Obama’s Louis XV budget
To prove his bona fides, he later appointed a deficit reduction commission. It made its report last December, when the economy was well past recession, solemnly declaring that “the era of debt denial is over.” That lasted all of two months. The president’s first post-commission budget, submitted Monday, marks a return to obliviousness. Even Erskine Bowles, Obama’s Democratic debt commission co-chair, says it goes “nowhere near where they will have to go to resolve our fiscal nightmare.” The budget touts a deficit reduction of $1.1 trillion over the next decade.
Where to begin? Even if you buy this number, Obama’s budget adds $7.2 trillion in new debt over that same decade.
But there’s a catch. The administration assumes economic growth levels higher than private economists and the Congressional Budget Office predict. Without this rosy scenario—using CBO growth estimates—$1.7 trillion of revenue disappears and U.S. debt increases $9 trillion over the next decade. This is almost $1 trillion every year.
Assume you buy the rosy scenario. Of what does this $1.1 trillion in deficit reduction consist? Painful cuts? Think again. It consists of $1.6 trillion in tax hikes, plus an odd $328 billion of some mysterious bipartisan funding for a transportation trust fund (gas taxes, one supposes)—for a grand total of nearly $2 trillion in new taxes.
Classic Obama debt reduction: Add $2 trillion in new taxes, then add another $1 trillion in new spending and, presto, you’ve got $1 trillion of debt reduction. It’s the same kind of mad deficit accounting in Obamacare: It reduces debt by adding $540 billion in new spending, then adding $770 billion in new taxes. Presto: $230 billion of “debt reduction.” Bialystock & Bloom accounting.

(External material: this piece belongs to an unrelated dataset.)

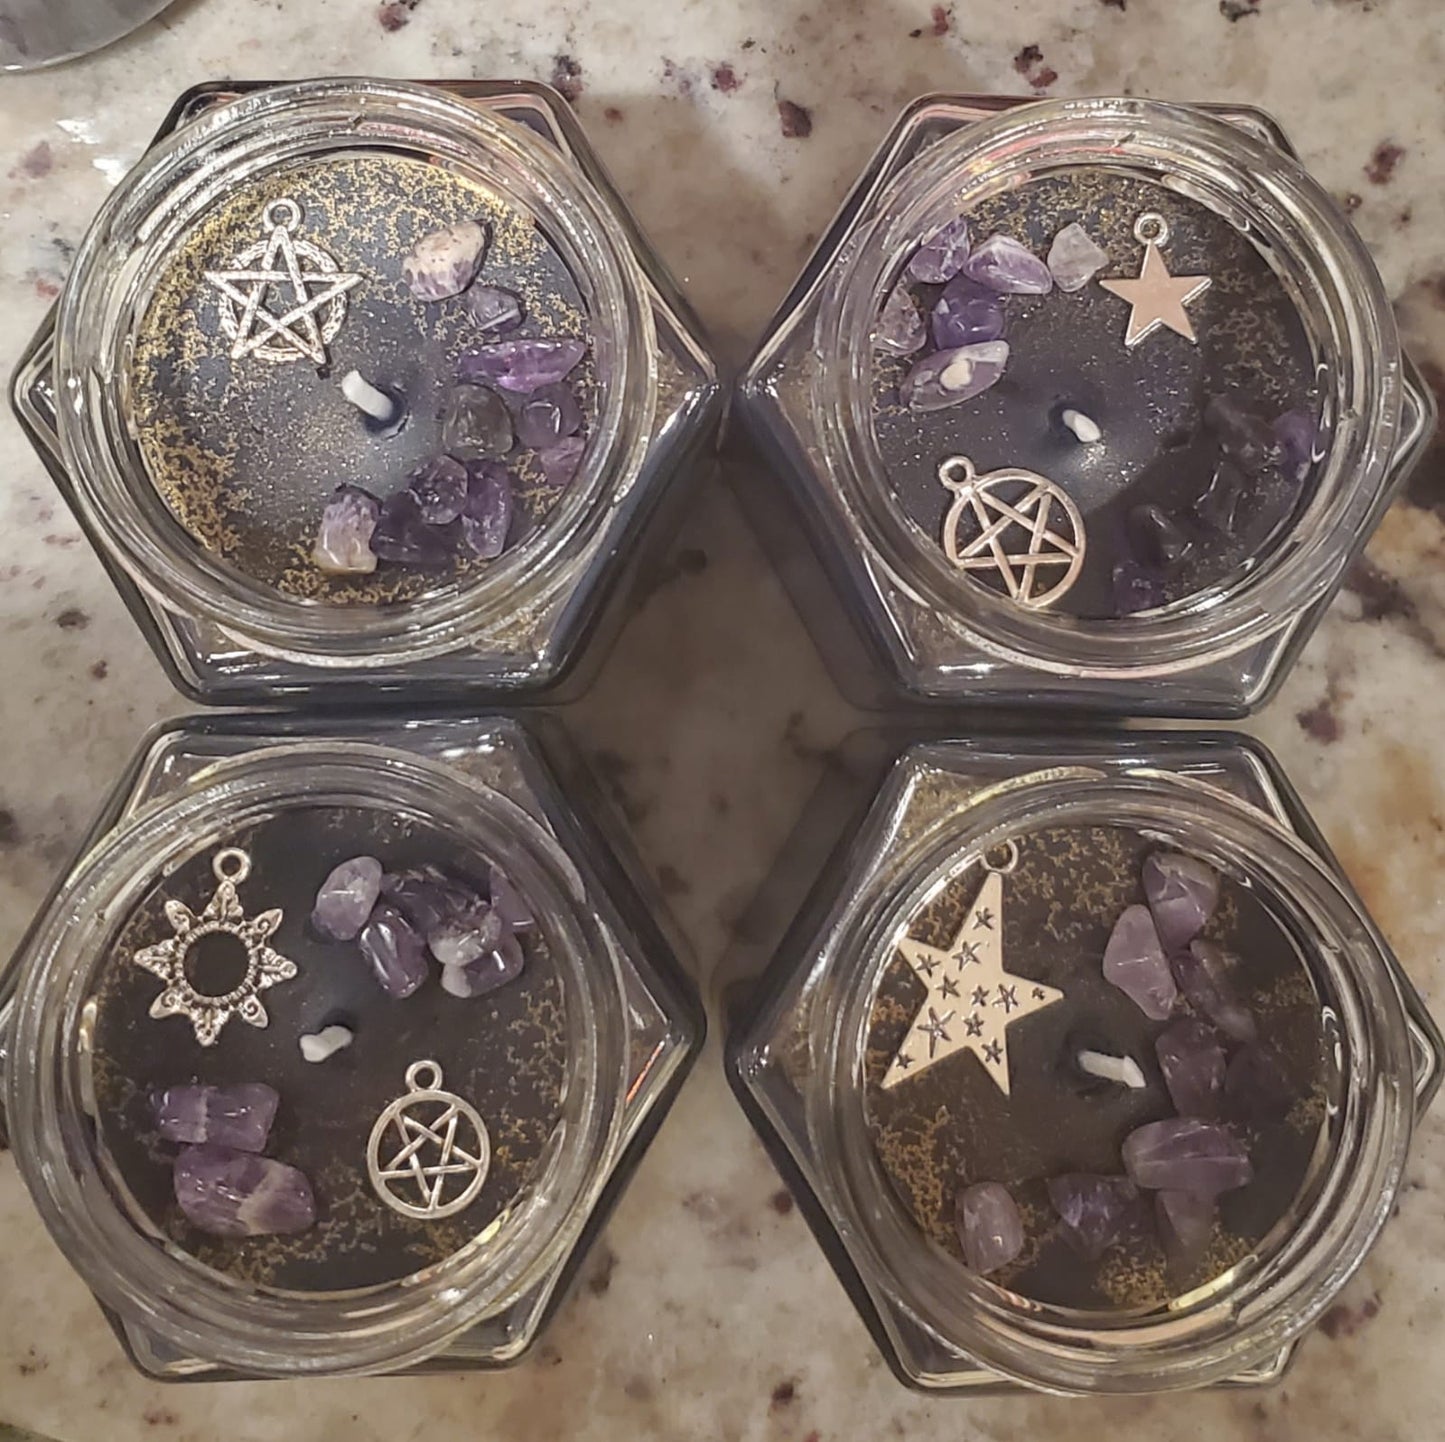 ARTEMISA (Witches Brew) SOY Candle with Amethyst Stones and Charm | Small Hex Jar

And what of those “painful cuts” Obama is making to programs he really cares about? The catch is that these “cuts” are from a hugely inflated new baseline created by the orgy of spending in Obama’s first two years. These were supposedly catastrophe-averting, anti-Depression emergency measures. But post-recession they remain in place. As a result, discretionary nondefense budget levels today are 24 percent higher than before Obama—84 percent higher if you add in the stimulus money.

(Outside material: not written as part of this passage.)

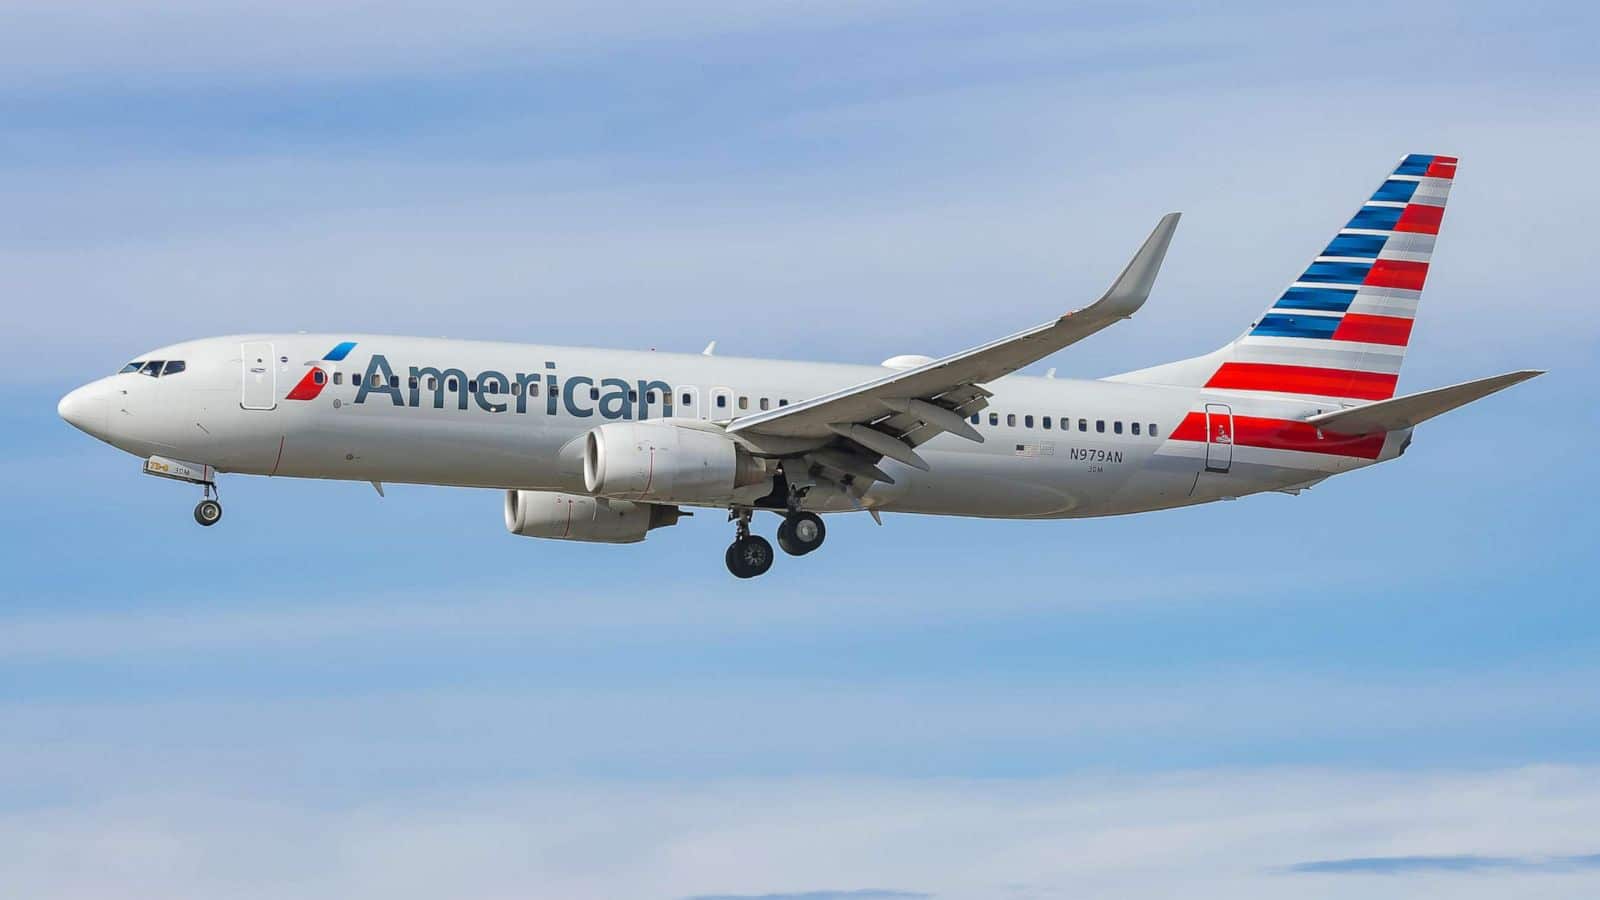 american-airline-04982d05

Which is why the supposedly painful cuts yield spending still at stratospheric levels. After all the cuts, Department of Education funding for 2012 remains 35 percent higher than in the last pre-emergency pre-Obama year, 2008. Environmental Protection Agency: 18 percent higher. Department of Energy: 22 percent higher. Consider even the biggest “painful cut” headline of all, the 50 percent cut in fuel subsidies for the poor. Barbaric, is it not? Except for the fact that the subsidies had been doubled from 2008 levels. The draconian cut is nothing but a return to normal pre-recession levels.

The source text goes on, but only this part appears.